Writing 101 Day 8 encourages us to expand on a comment we have made either on our own or on another blog. This forces me to face my demons. Commenting is one of those things I find very hard to do. I find it difficult to join in conversations face to face, and had hoped that mixing and mingling on-line might be easier. But no, I still find it really hard to comment, and so I thought I’d use this space to explore why I feel this way and what I can do about it.
I’ve always found it hard to join in any sort of group conversation, even growing up I was labelled as being shy and my parents would excuse my behaviour by explaining I just liked to sit and observe. They were obviously embarrassed by my failure to join in at family get togethers. Most children are the opposite of what I was, they have no idea that they can be annoying by their constant questions and chit-chat. That is considered ‘normal’.
One of the photographs that sums me up is this one, taken at a cousin’s birthday party.
The other children are gathered around a game, I think it was ‘Pin the Tail on the Donkey’, they’re all joining in, eager to see what’s going on. Enjoying themselves. Like children should. And then there’s me. Biting my nail, looking back at my parents and pleading with my eyes for them to come and rescue me from this situation. They made me join in.
I’m aware it was my cousins party, and they couldn’t have done more to make me feel comfortable and loved and included. But that just wasn’t me. I didn’t know how to join in. Perhaps it was because I was an only child and had no experience of playing with others. I look at that picture and my heart goes out to that child that was me.

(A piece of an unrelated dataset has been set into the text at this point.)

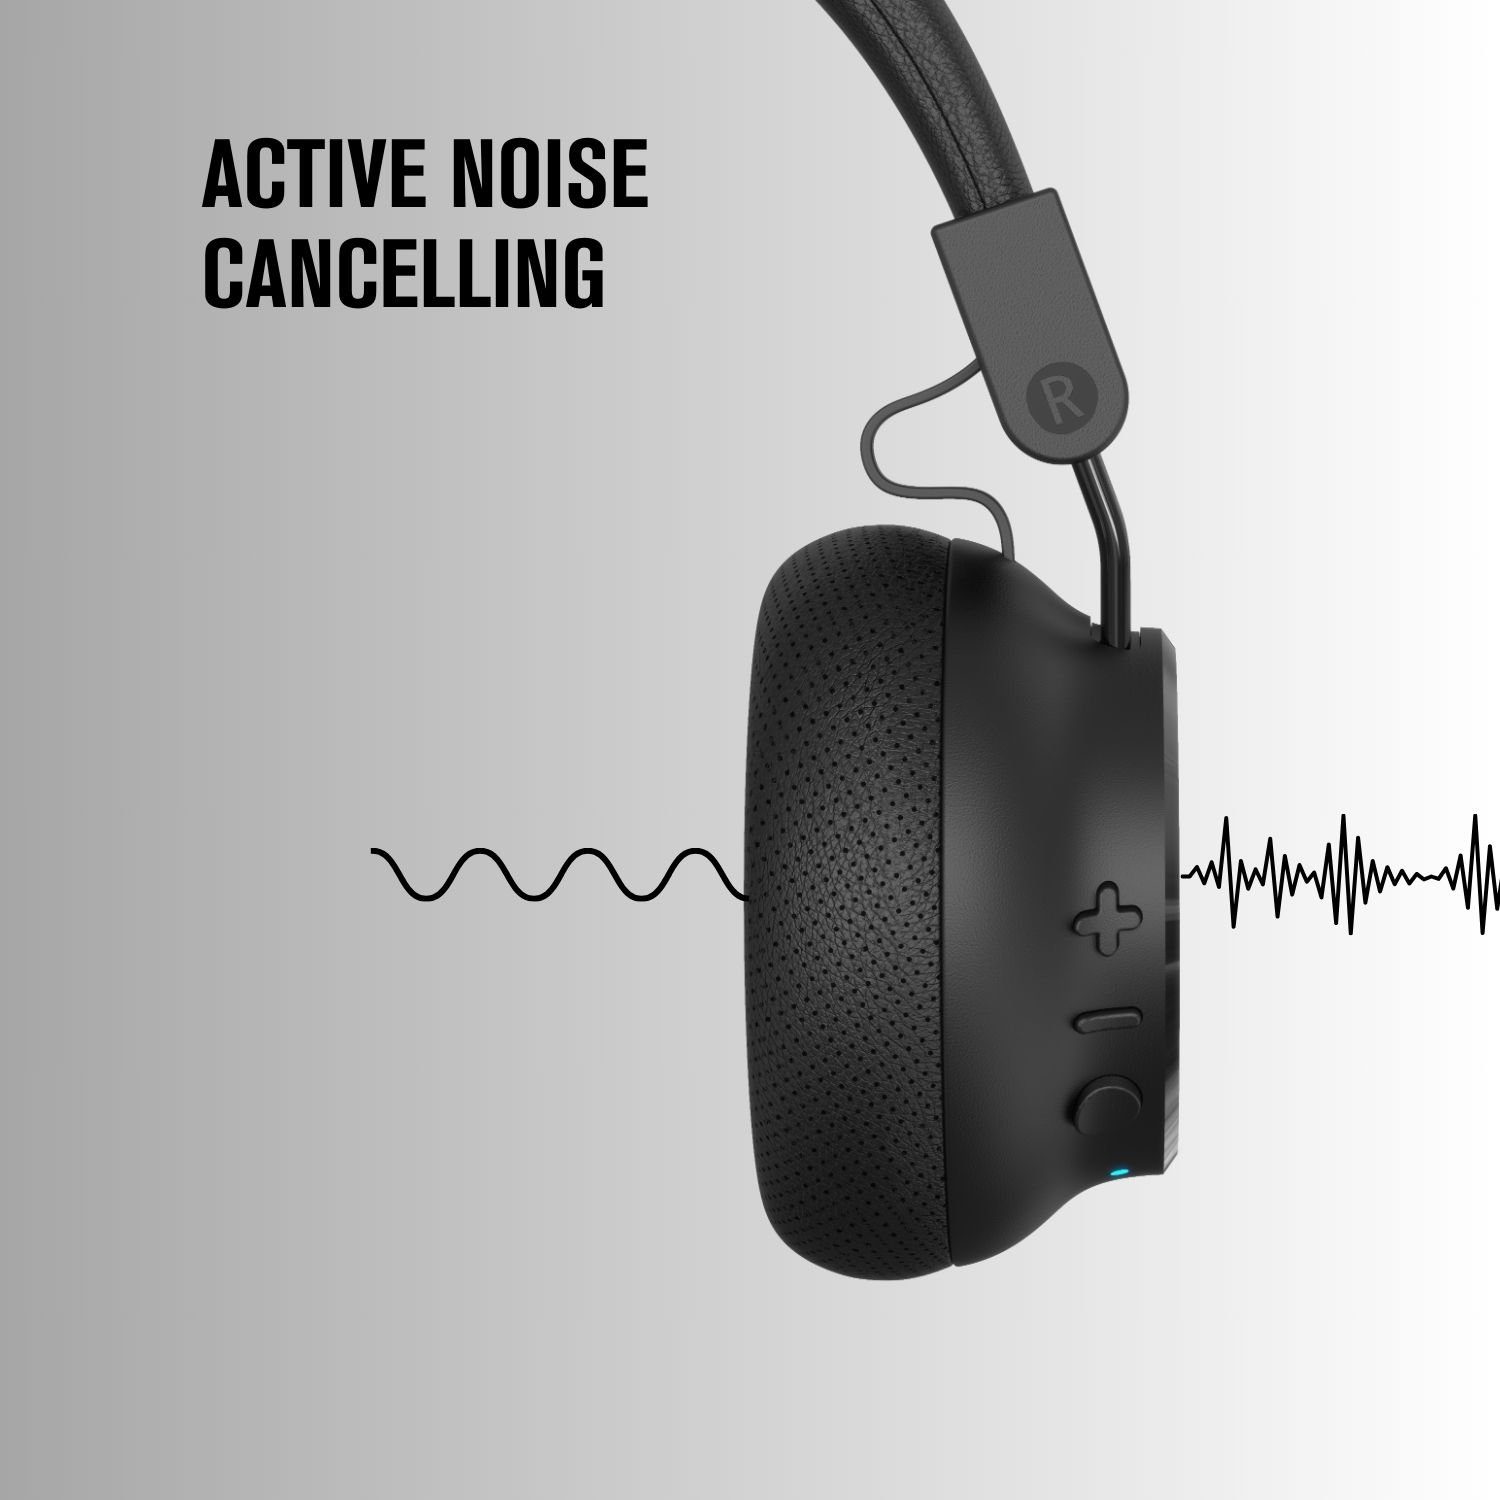 PRO Noise Std. Active Bluetooth, Google Akkulaufzeit) MOOVE35i (Siri, On-Ear-Kopfhörer Cancelling, Assistant, 70 Multipoint, MIIEGO Schnellladung,

I’m still not a lot better today, preferring my own company. I know that I must irritate people by my inability to join in a conversation and ‘take part’. I’m a lot better than I was, for which I thank my fellow students at the University of Sussex during the foundation degree course and also Mark at the Goal Group, where I volunteered for a while. I thank you for your patience and persistence. It helped.
I find that what I need is an invitation to join in. I’m no good at just forcing my way into a conversation. I have things I’d like to say, but there is no opportunity to talk. Or to comment. No one asks me for my opinion. No one invites me in. I need a gap, so I can fill it.
All of which leaves me no nearer finding out why I’m like this and what I can do about it. The nearest I can come to doing something about it is to make friends one at a time and feel comfortable enough to make a valued, real comment on their blog. I feel I’m doing that a little, and if I keep going it might get easier.
As for why I’m like this? Why are any of us the way we are? I’m quiet. I don’t dominate conversations, I prefer to listen than talk.
And maybe, just maybe, that’s alright?